#NinZZ# #(1/2)^(2n-1) < (1/2)^(n²-1)# Max(n) = ? a)1 b)2 c)3 d)4 e)5

2 Answers
May 9, 2017

Selection a)1

Explanation:

The equality point is:

#2n -1= n^2-1#

#2n = n^2#

#2 = n#

Therefore, the inequality is true for #n < 2#.
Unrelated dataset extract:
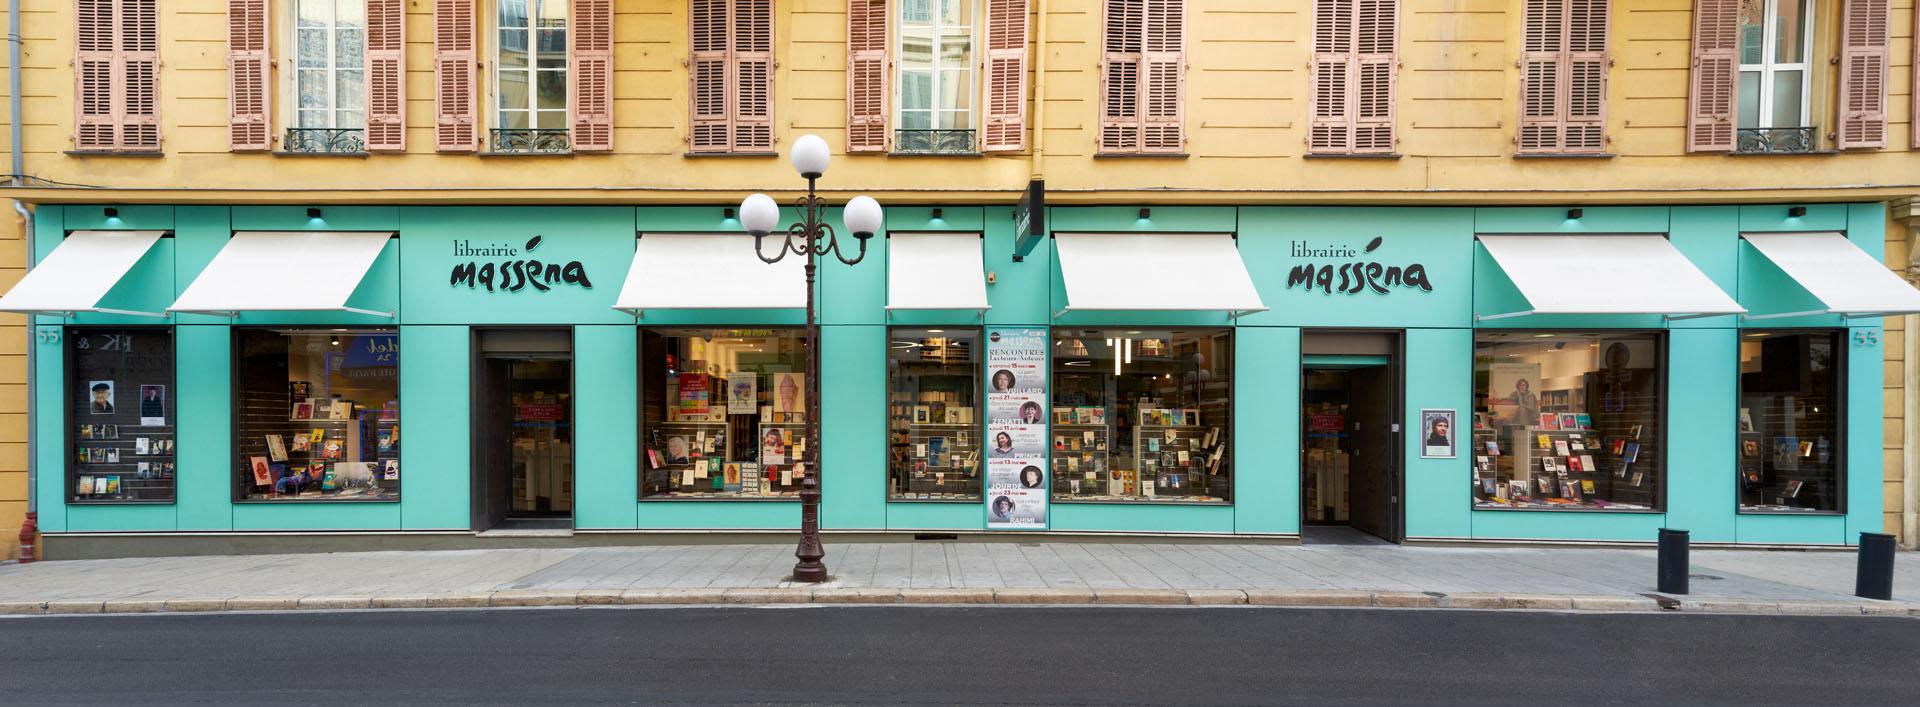 la vitrine de la librairie
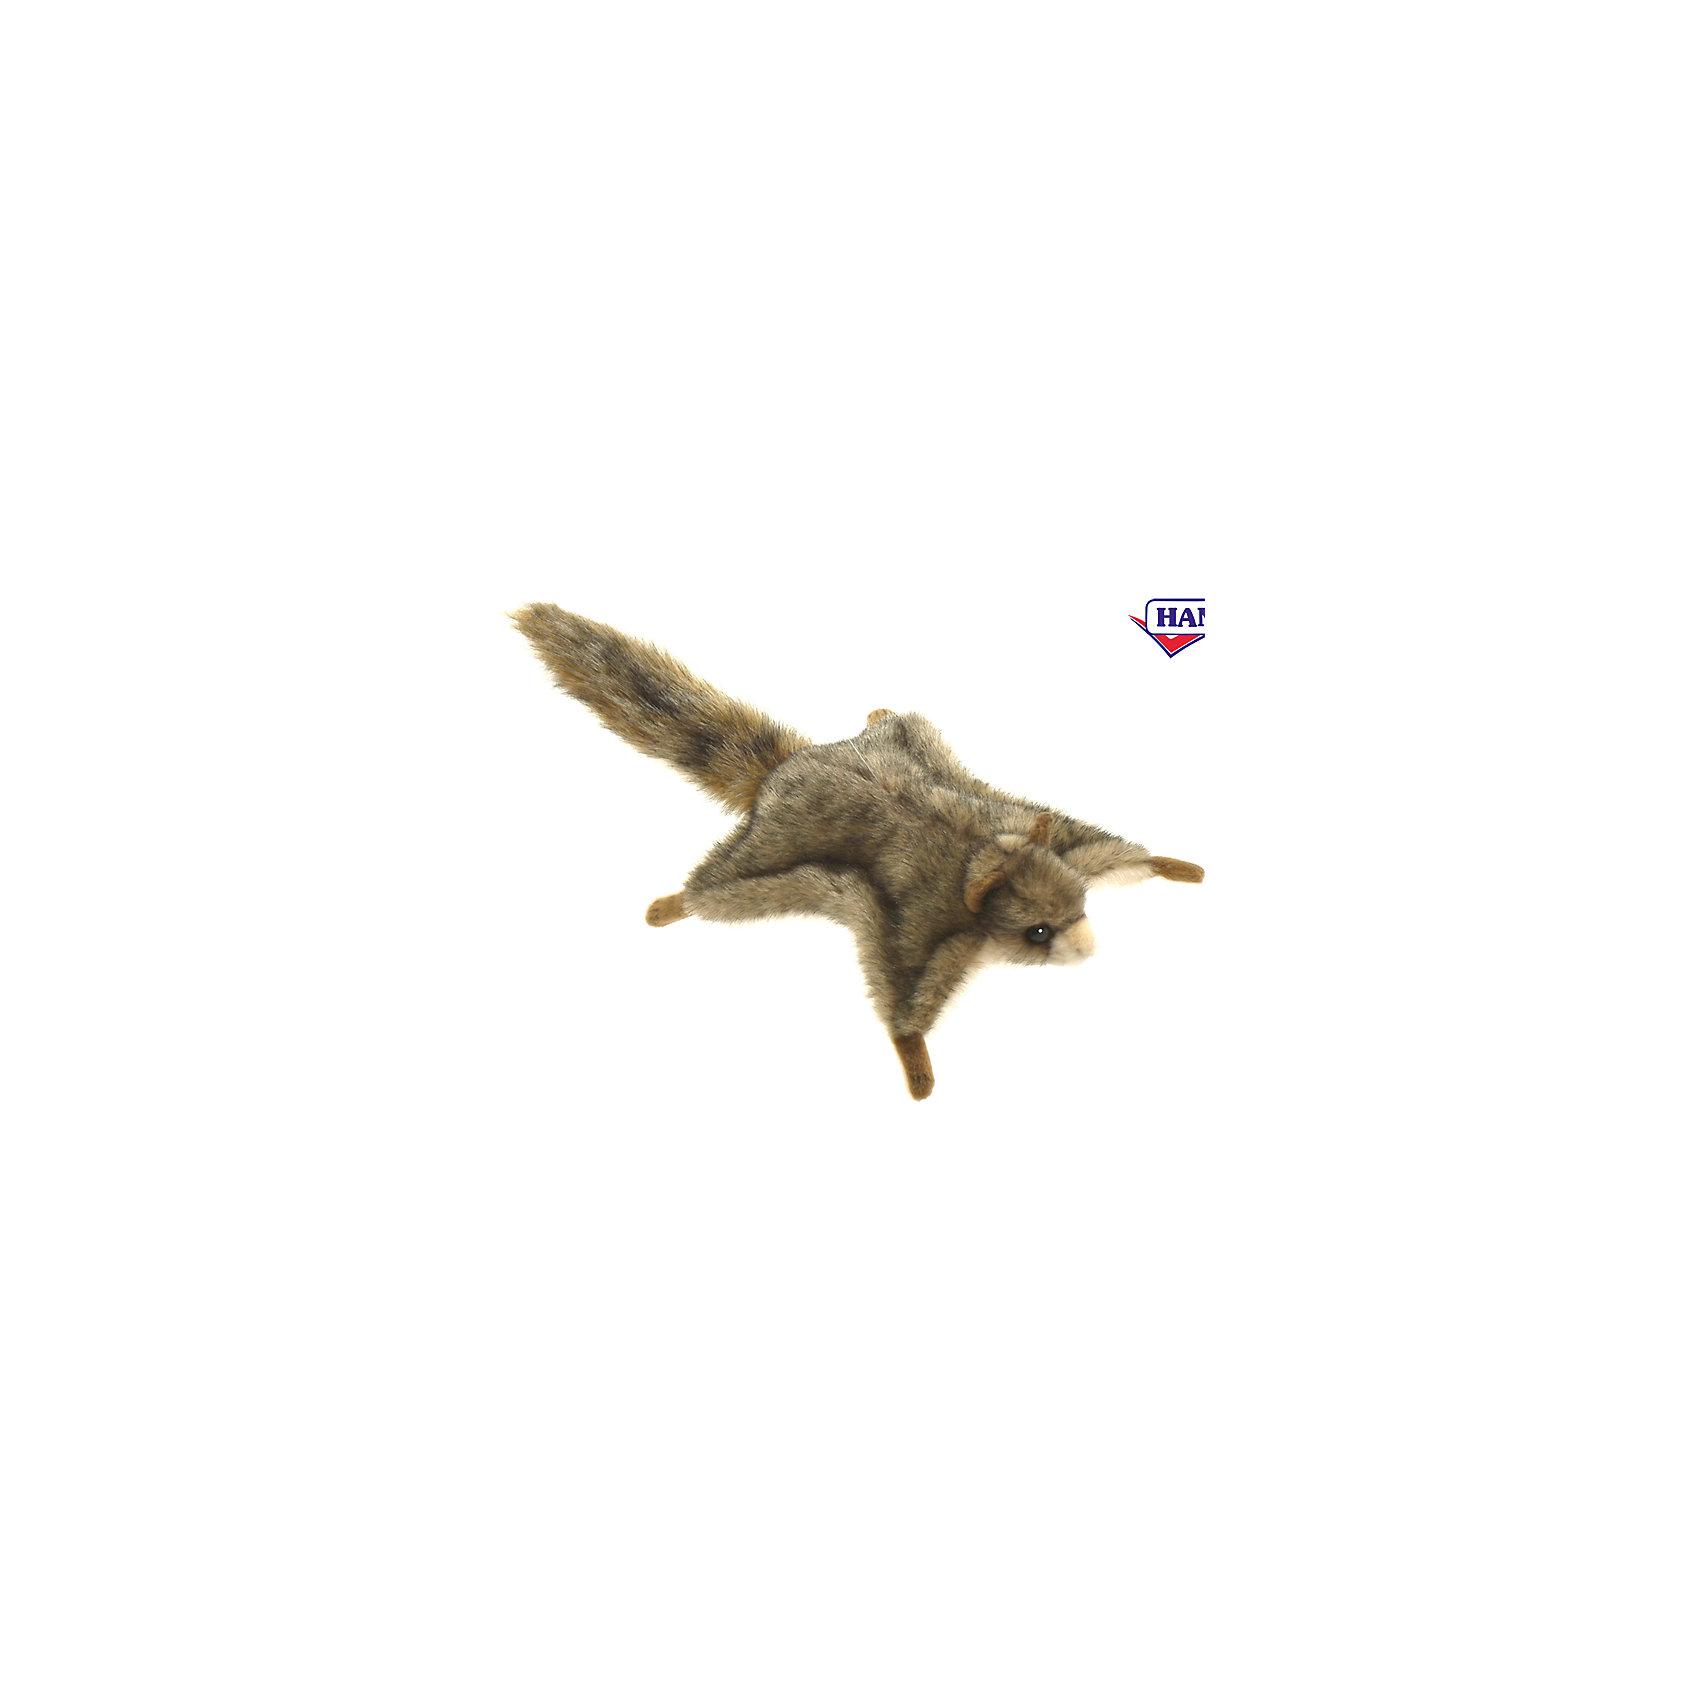 Белка летяга, 21 смЗвери и птицы<br>Белка летяга, 21 см – игрушка от знаменитого бренда Hansa, специализирующегося на выпуске мягких игрушек с высокой степенью натуралистичности. Внешний вид игрушечной белки полностью соответствует реальному прототипу – разновидности белок, которые в прыжке имитируют полет. Игрушка выполнена из меха пестрого окраса с ворсом средней длины, обладает гипоаллергенными свойствами. Внутри имеется металлический каркас, который позволяет изменять положение. Игрушка относится к серии Хищные животные. <br>Мягкие игрушки от Hansa подходят для сюжетно-ролевых игр или для обучающих игр. Форма игрушки позволяет использовать ее  для оформления интерьера, такая белка прекрасно будет смотреться на спинке кресла или дивана. Игрушки от Hansa будут радовать вашего ребенка долгое время, так как ручная работа и качественные материалы гарантируют их долговечность и прочность. <br><br>Дополнительная информация:<br><br>- Вид игр: сюжетно-ролевые игры, коллекционирование, интерьерные игрушки<br>- Предназначение: для дома, для детских развивающих центров, для детских садов<br>- Материал: искусственный мех, наполнитель ? полиэфирное волокно<br>- Размер (ДхШхВ): 21*6*21 см<br>- Вес: 360 г<br>- Особенности ухода: сухая чистка при помощи пылесоса или щетки для одежды<br><br>Подробнее:<br><br>• Для детей в возрасте: от 3 лет <br>• Страна производитель: Филиппины<br>• Торговый бренд: Hansa<br><br>Белку летягу, 21 см можно купить в нашем интернет-магазине.<br><br>Ширина мм: 21<br>Глубина мм: 6<br>Высота мм: 21<br>Вес г: 360<br>Возраст от месяцев: 36<br>Возраст до месяцев: 2147483647<br>Пол: Унисекс<br>Возраст: Детский<br>SKU: 4927179

That leaves only selection a)1

May 9, 2017

#0 < n < 2 rArr max(n) < 2#

Explanation:

#log# is a strictly increasing transformation so if #a < b# then

#log a < log b#

Making #a = (1/2)^(2n-1)# and #b = (1/2)^(n^2-1)# then

#(2n-1)log (1/2) < (n^2-1) log (1/2)# but #log(1/2) < 0# so the condition

#(1/2)^(2n-1) < (1/2)^(n^2-1)# reduces to

#2n-1> n^2-1#

or

#n^2 < 2n#

or

#n(n-2) < 0# or

#0 < n < 2#

NOTE:

Strictly speaking if #n_0# is the maximum then

1) #n_0 in (0,2)#
2) #forall n in (0,2) rArr n le n_0#

but this fails because for any #n in (0,2) rArr n < (n+2)/2 < 2# and then #n_0 < (n_0+2)/2 < 2# also! So #(0,2)# does not have maximum. But this open set has a supremum which is #2#.

In terms of sets, the maximum is the largest member of the set, while the supremum is the smallest upper bound of the set.